Published on July 17 2017

The story you are about to read is true.

The players: Two mischievous children and one determined mother.

Their mission: To explore the brand new Canadian History Hall at the Canadian Museum of History.


THURSDAY, 5 P.M. First gallery.

It’s a risky mission, considering the pull of this long-awaited opening. First observation: If you want to avoid the crowds, arriving at the museum at 5 p.m. on a Thursday is not the way to go. Admission is free, and the place is packed!

Even so, the children are eager to see, and most of all touch, the many artifacts in the first gallery. They quickly start manipulating the objects displayed on the touch-sensitive tablets around the room. Turn, magnify, rotate … They spend several minutes (a rare event in our house) looking at some ivory sculptures that are thousands of years old. An hour later, it’s time to go: it’s 6 p.m., the kids are hungry, and we’ve spent a whole hour in the first gallery alone! I feel as if we’ve barely scratched the surface of the exhibition, but that’s the way it goes with kids. We promise ourselves we’ll come back and visit the other two galleries tomorrow.

Lou’s rating (age 9): “8 out of 10.”

Henri’s rating (age 7): “I liked touching the bison poo, the ivory face, and the tree with all the families.”


FRIDAY, 1 P.M. Second gallery.

We’re determined and ready to explore the second gallery, which tells the story of colonial Canada. Much to my chagrin as an adult who needs to read everything, we speed past the interpretive panels and paintings. The kids are irresistibly drawn to a lighted table, which turns out to be a (really cool) game whose objective is to build a replica of Southwold Township, near Lake Erie. It’s the early 1800s, and we’re going to settle this land using the strength of our fingers! Making horseshoes, distributing distillery products, framing houses, building roads—those tablets are getting a workout! Now and then, I try to slip the kids a historical fact or two.

Mom: “Gosh, a settler’s life was hard! Can you imagine?”

Kids: [sound of crickets chirping]

Will they remember anything about this experience? Fingers crossed!

We press on. The boys find a station that holds their attention for quite awhile: here, you get to build your own MP! Henri decides his MP is a ninja.
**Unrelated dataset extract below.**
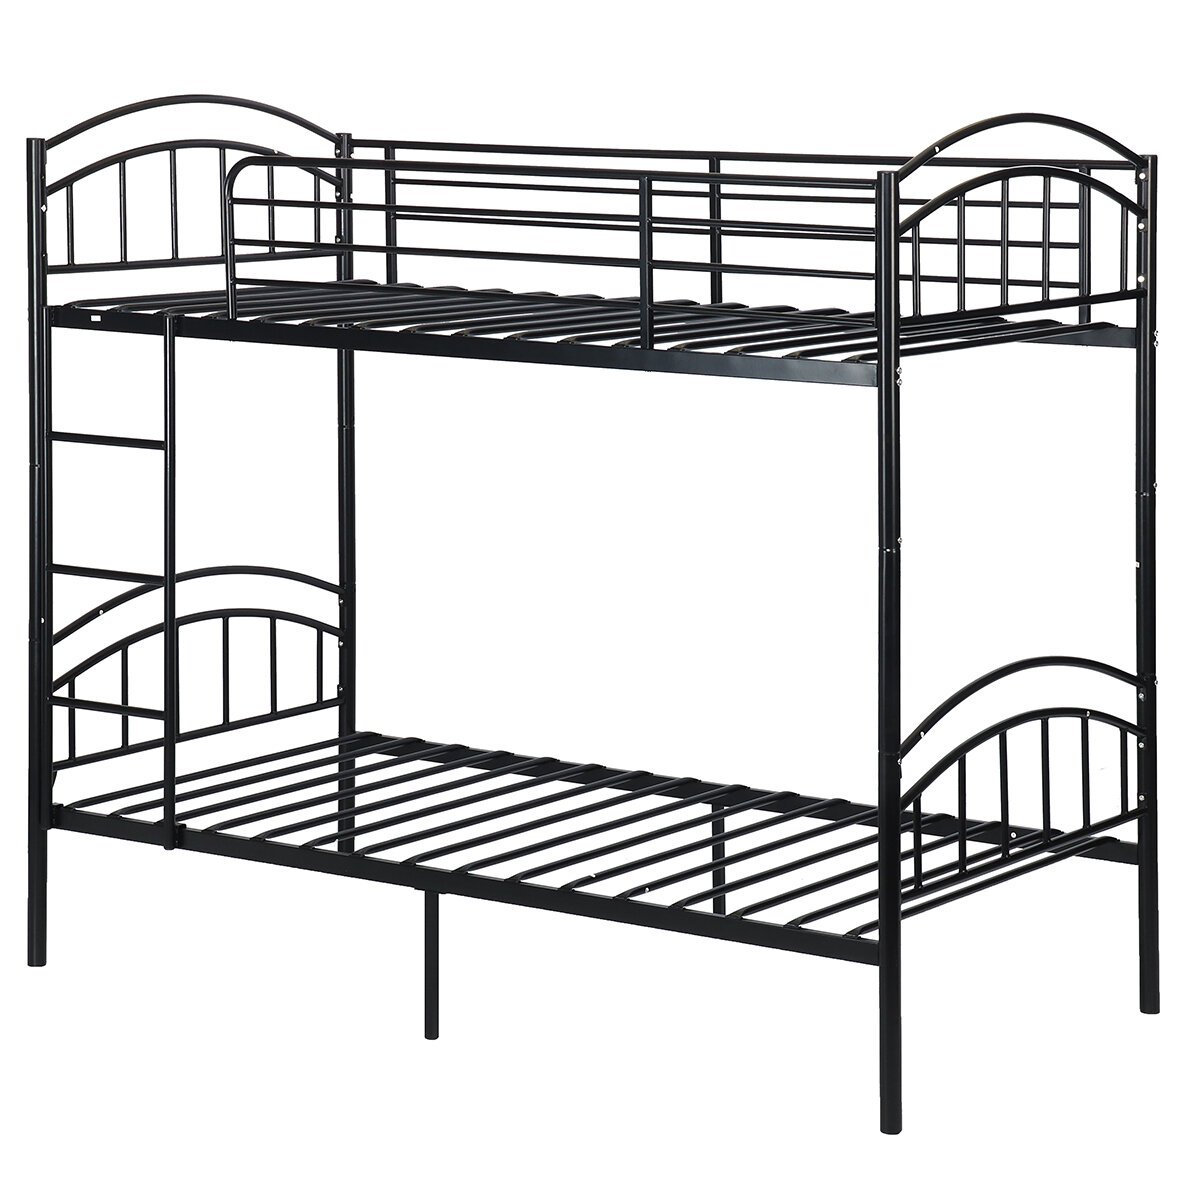 Image of Woodyhome Twin XL Curved Metal Bed Frame Princess Black Platform Bed Frame with Vintage Headboard Footboard Mattress Fou

I don’t have the heart to tell him that in fact she’s a Muslim woman in a headscarf. Next, the MP-ninja-Muslim has to debate a bill. And how do they debate bills in Parliament? With rock-paper-scissors. You learn something every day! After the Senate passes the bill, we get to play the first few bars of the national anthem. Cheers and fireworks! It’s a hit with the boys.

Lou’s rating: “9 out of 10.”

Henri’s rating: “I liked the teepee, the ninja, making a poster, and putting things in the canoe.”

FRIDAY, 3 P.M. Third gallery.

The third and final gallery is all about modern-day Canada. We skim through the two World Wars and Expo 67, then take a few minutes to learn about the making of the new Canadian flag: you can make your own flag and display it on a big screen! A little further on, my eldest is captivated by The Rocket’s hockey sweater. He even agrees to pose with it—and him a rabid Pittsburgh Penguins fan. Next, we stop at the display about residential schools. I read my eldest a few of the former residents’ comments. I get a lump in my throat. I hope he’ll remember this dark chapter in our past. Meanwhile, Henry is clicking on his favourite Quebec songs and dancing to Beau Dommage’s “Blues d’la métropole.”

It’s already 5 p.m. We leave the museum, our heads filled with a thousand images.

“So, guys, do you want to come back?”


Lou’s rating: “9 out of 10, because of the hockey.”

Henri’s rating: “I liked all the games!!”